While in another world...



... It was midnight in the Urals. Deep under the Perchorsk ravine, in the confines of his small room, Viktor Luchov snatched himself awake from a monstrous nightmare. Panting and trembling, still only half-awake, he stood up on jelly legs and gazed all about at the grey metal walls, and leaned on one for its support. His dream had been so real - it had impressed him so badly - that his first thought had been to press his alarm button and call out to the men he kept stationed in the corridor outside. Even now he would do so, except (and as he'd learned only too well the last time), such an action could well be fraught with a terror of its own. Especially in the claustrophobic, nerve-racking confines of the Perchorsk Projekt. He had no desire to have anyone come bursting in here with the smoking, red-glowing muzzle of a flamethrower at the ready.

As his heartbeat slowed a little and while he fumblingly dressed, he examined his nightmare: a strange, even ominous thing. In it, he had heard an awful, tortured cry go out from the Gate at Perchorsk's core, and he'd known its author: Harry Keogh! The Necroscope had cried out his telepathic anguish to any and all who could hear him, but mainly to the teeming dead in their myriad resting places across the world. And in their turn they had answered him as best they could - with a massed moaning and groaning, even with their soft and crumbling movements - from the airless environs of their i

And the departed spirit of Paul Savinkov - a man who had worked for KGB Major Chingiz Khuv right here at Perchorsk, worked and died here, horribly - had materialized and spoken to the Projekt Direktor in his dream, telling him about the warning which Harry Keogh's son had sent out through the Gate. For in life Savinkov had been a telepath, and his talent had stayed with him, continuing into the afterlife.

And seeing in Luchov's mind the nuclear solution to the threat from beyond the Gate, Savinkov had told him: Then you know what to do, Viktor.

'Do?'

Yes, for They are coming, through the Gate, and you know how to stop them!

'Coming? Who is coming?'

You know who.

Luchov had understood, and answered: 'But those weapons may not be used until we are sure. Then, when we can see the threat - '

- It will be too late! Savinkov cried. If not for us, too late for Harry Keogh. We've all wronged him and now must make amends, for he suffers needless agonies. Wake up, Viktor. It's in your hands now.
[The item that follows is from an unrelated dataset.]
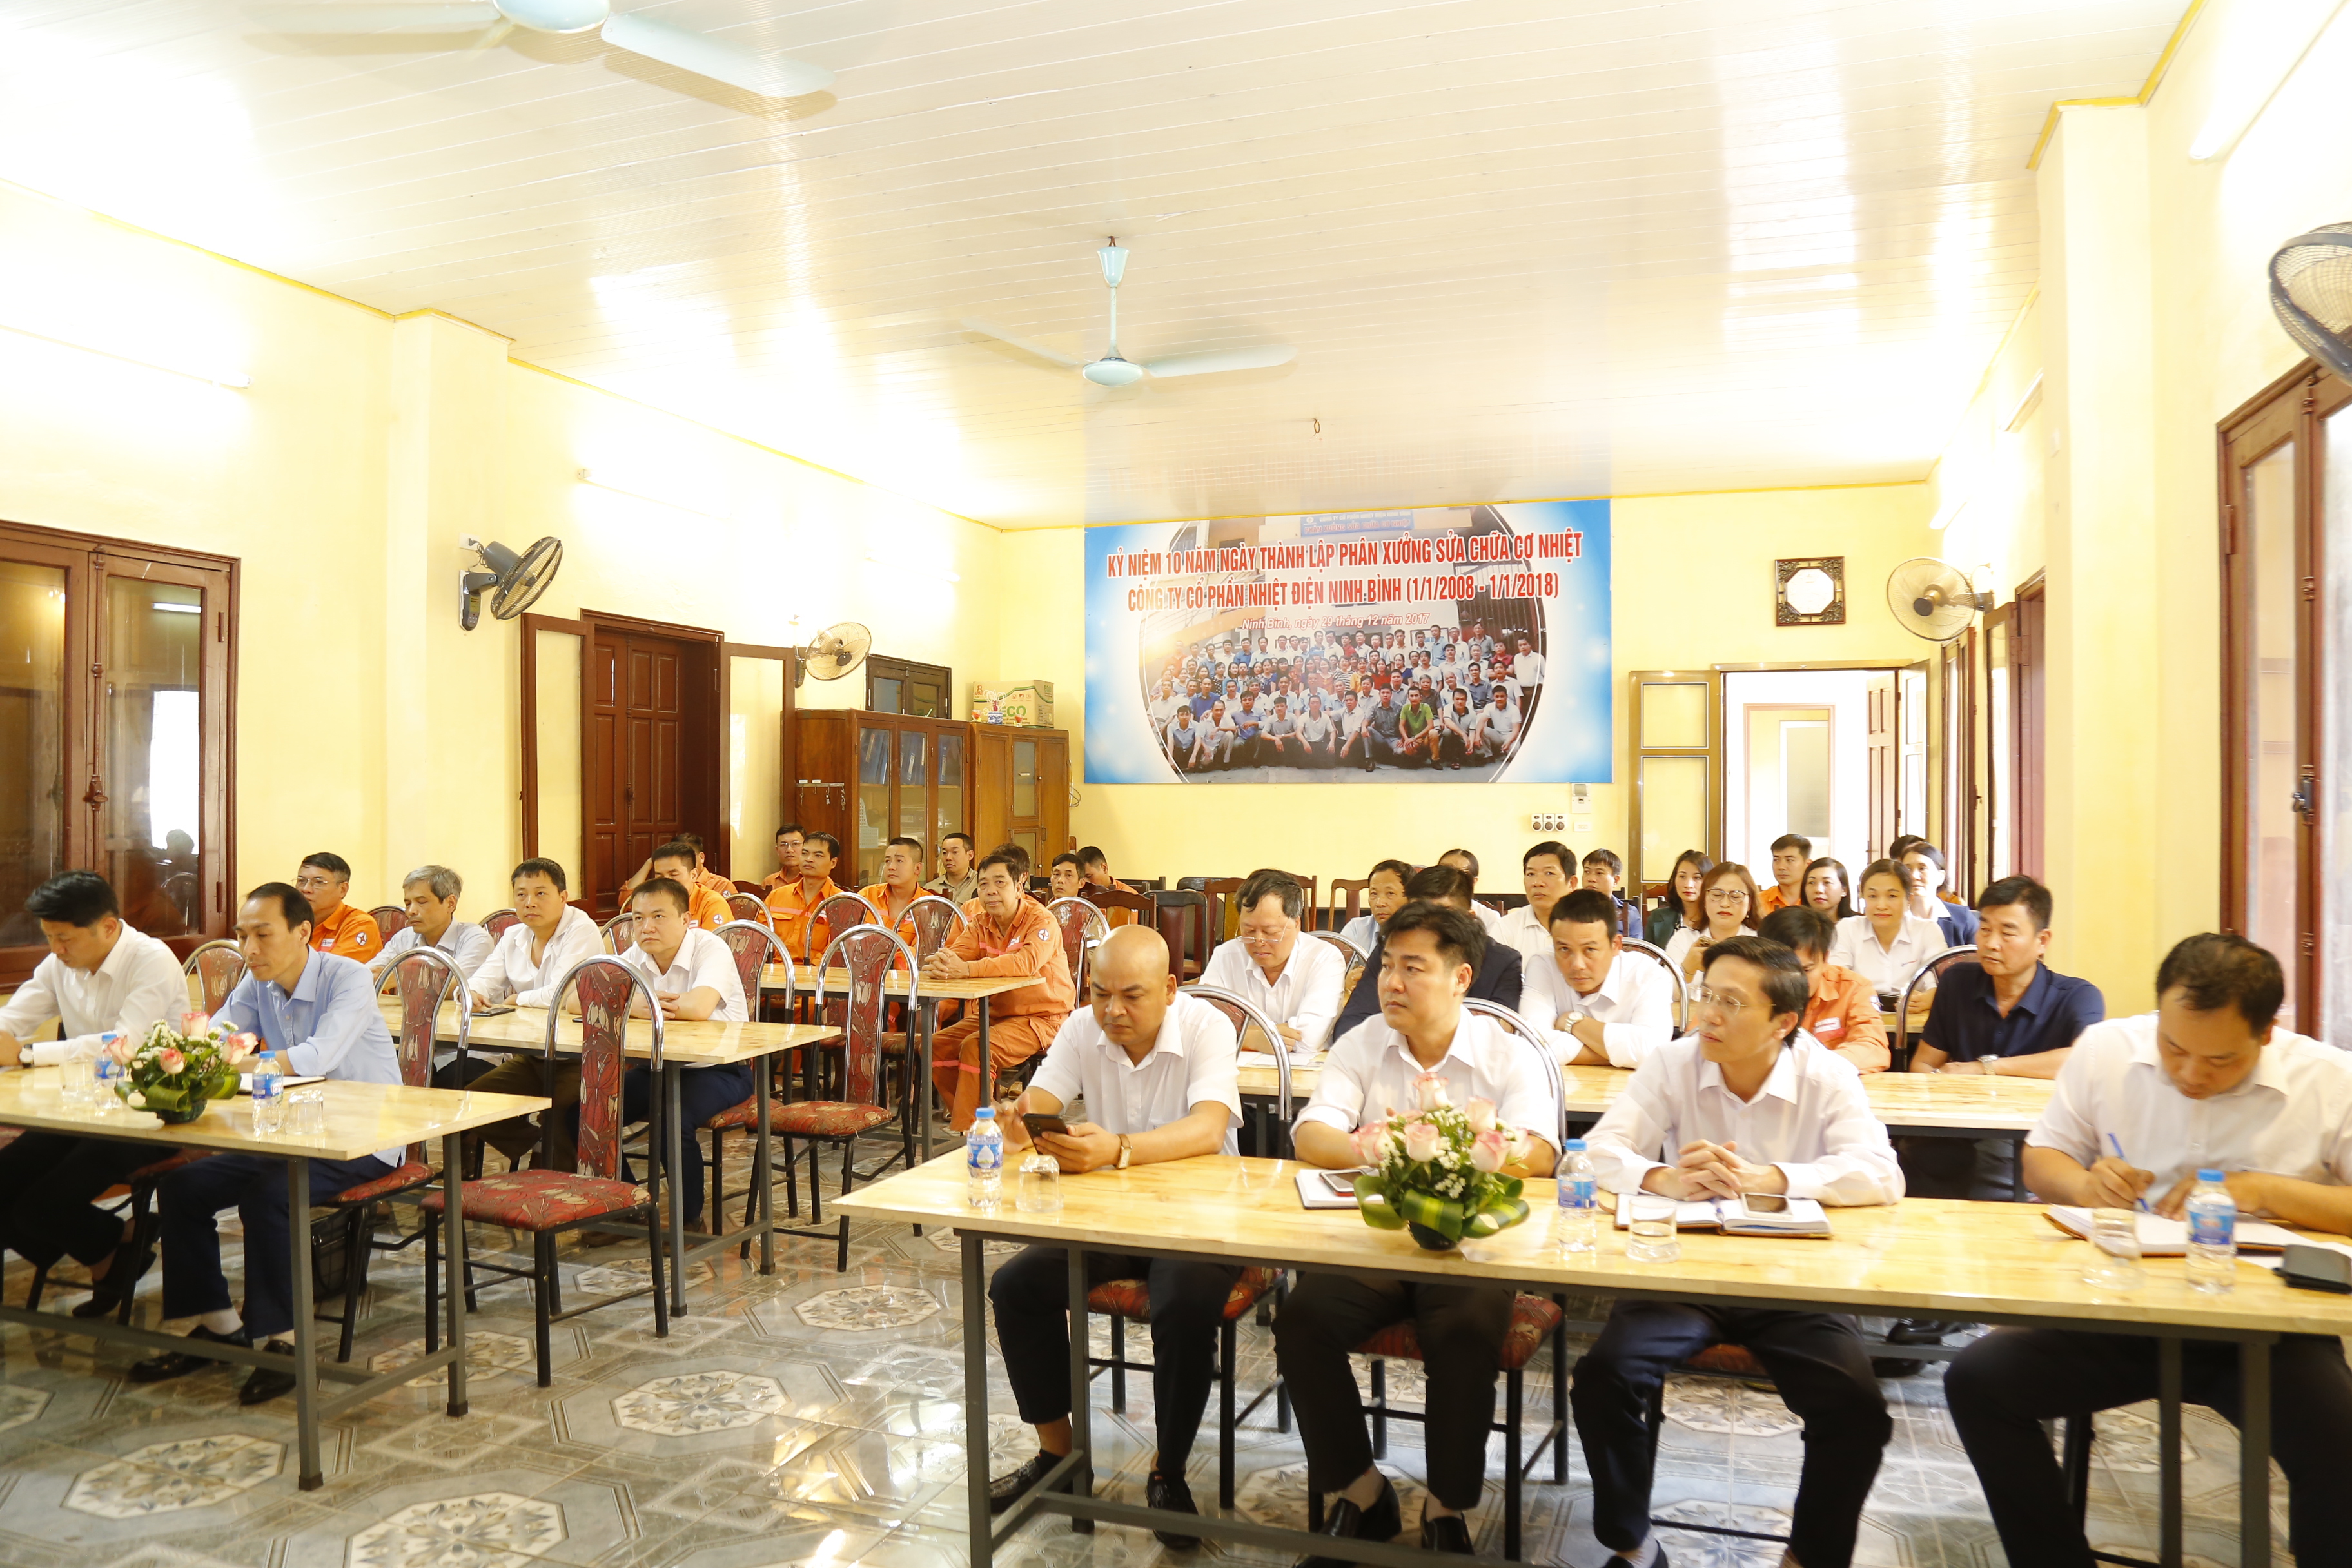 Chi bộ Sửa chữa cơ nhiệt thuộc Đảng bộ Công ty cổ phần Nhiệt điện Ninh Bình tổ chức Hội nghị sinh hoạt chuyên đề về Chủ đề công tác năm 2023 của Ban Chấp hành Đảng bộ tỉnh

'My God!' Luchov had tossed and turned, but Savinkov had seen that he wouldn't wake. Not yet. But... there were others sleeping here who would. And then, when Luchov heard the telepath talking again - to whom, and what he asked, begged them to do! - that was when he'd started awake.
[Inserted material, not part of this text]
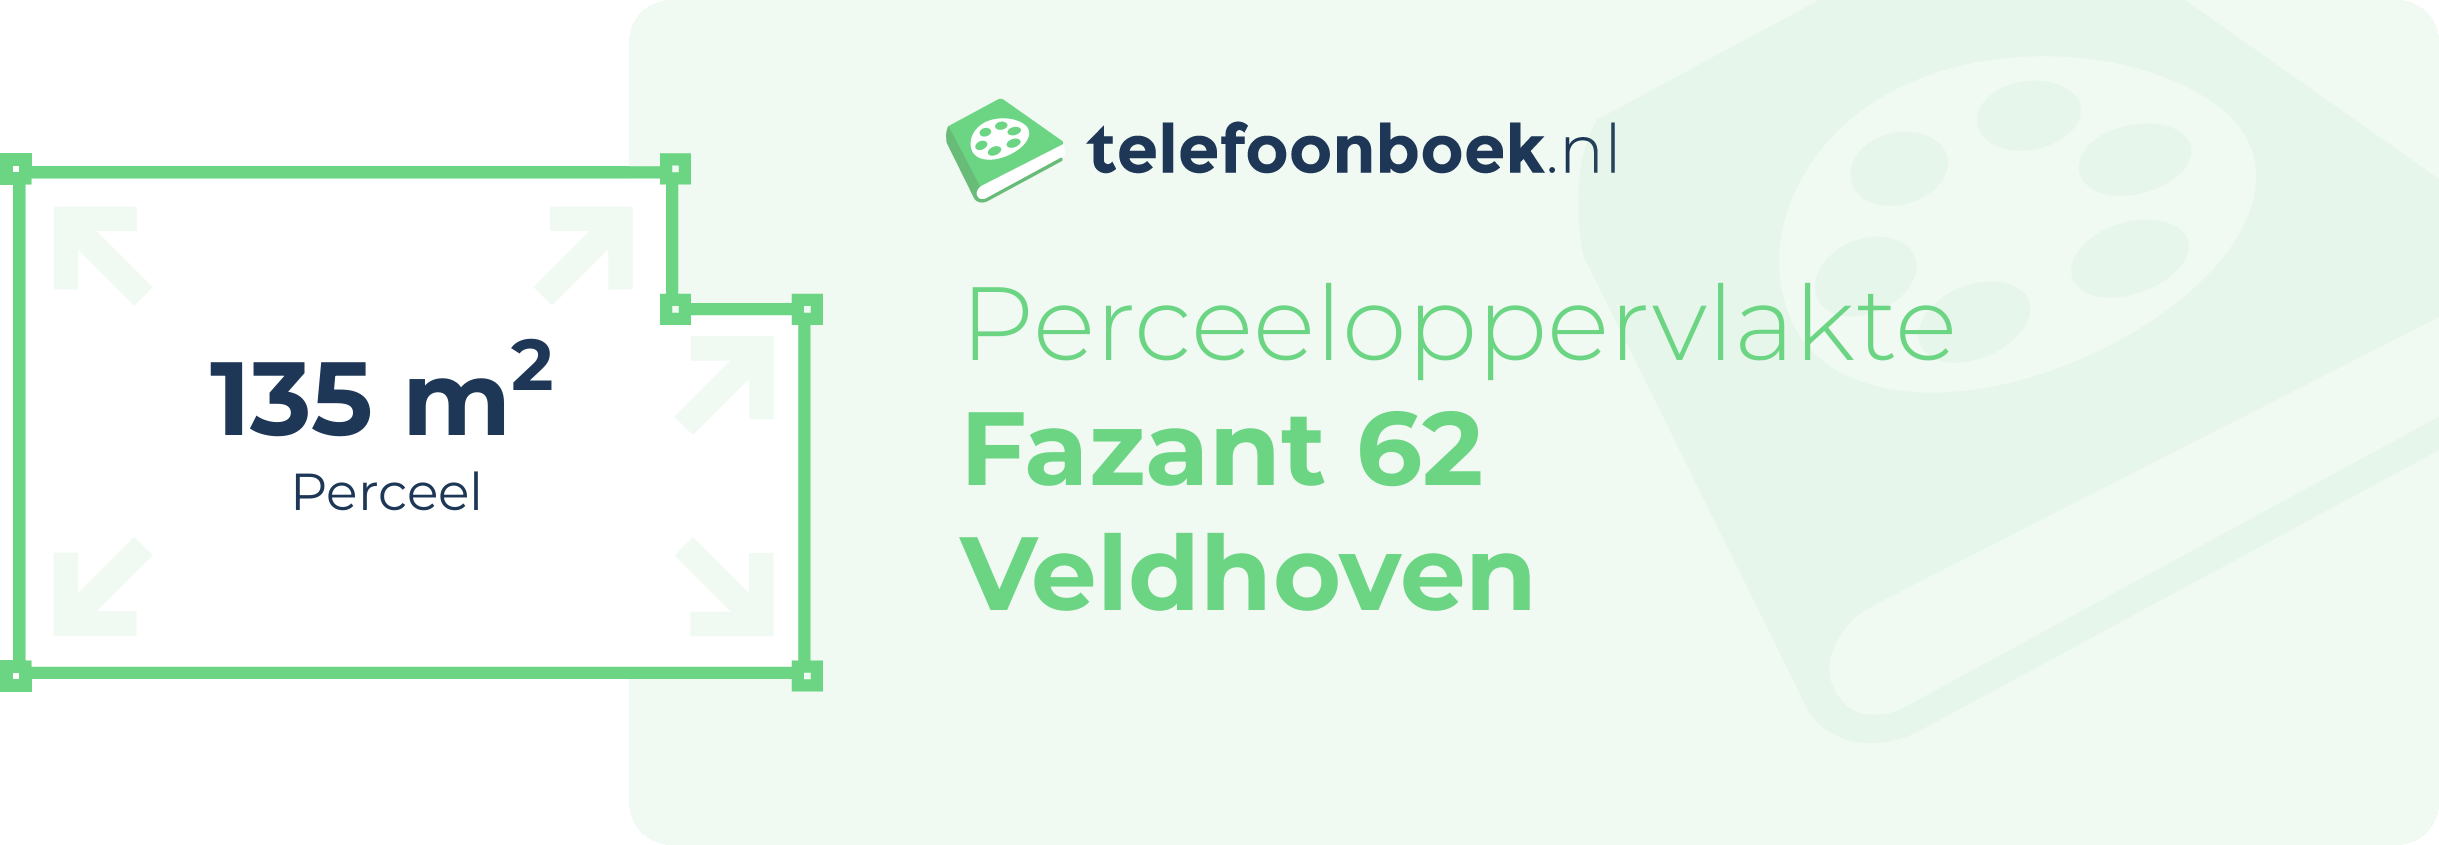 Perceeloppervlakte Fazant 62 Veldhoven

Now he was dressed and almost in control of himself, but still breathless, still alert and listening, tuned in to the Projekt's heartbeat. The dull throb of an engine somewhere, reverberating softly through the floor; the clang of a hatch, echoing distantly; the hum and rattle of the ventilation system. In the old days the Direktor had been accommodated on an upper level, much closer to the exit shaft. Up there, it had seemed quieter, less oppressive. But down here, with the magmass caverns and the core almost directly underfoot, it could be that he felt the entire mountain weighing on his shoulders.

Still listening intently, Luchov's breathing and heartbeat gradually slowed as it became apparent that all was in order and it really had been a dream. Only a terrible dream. Or had it?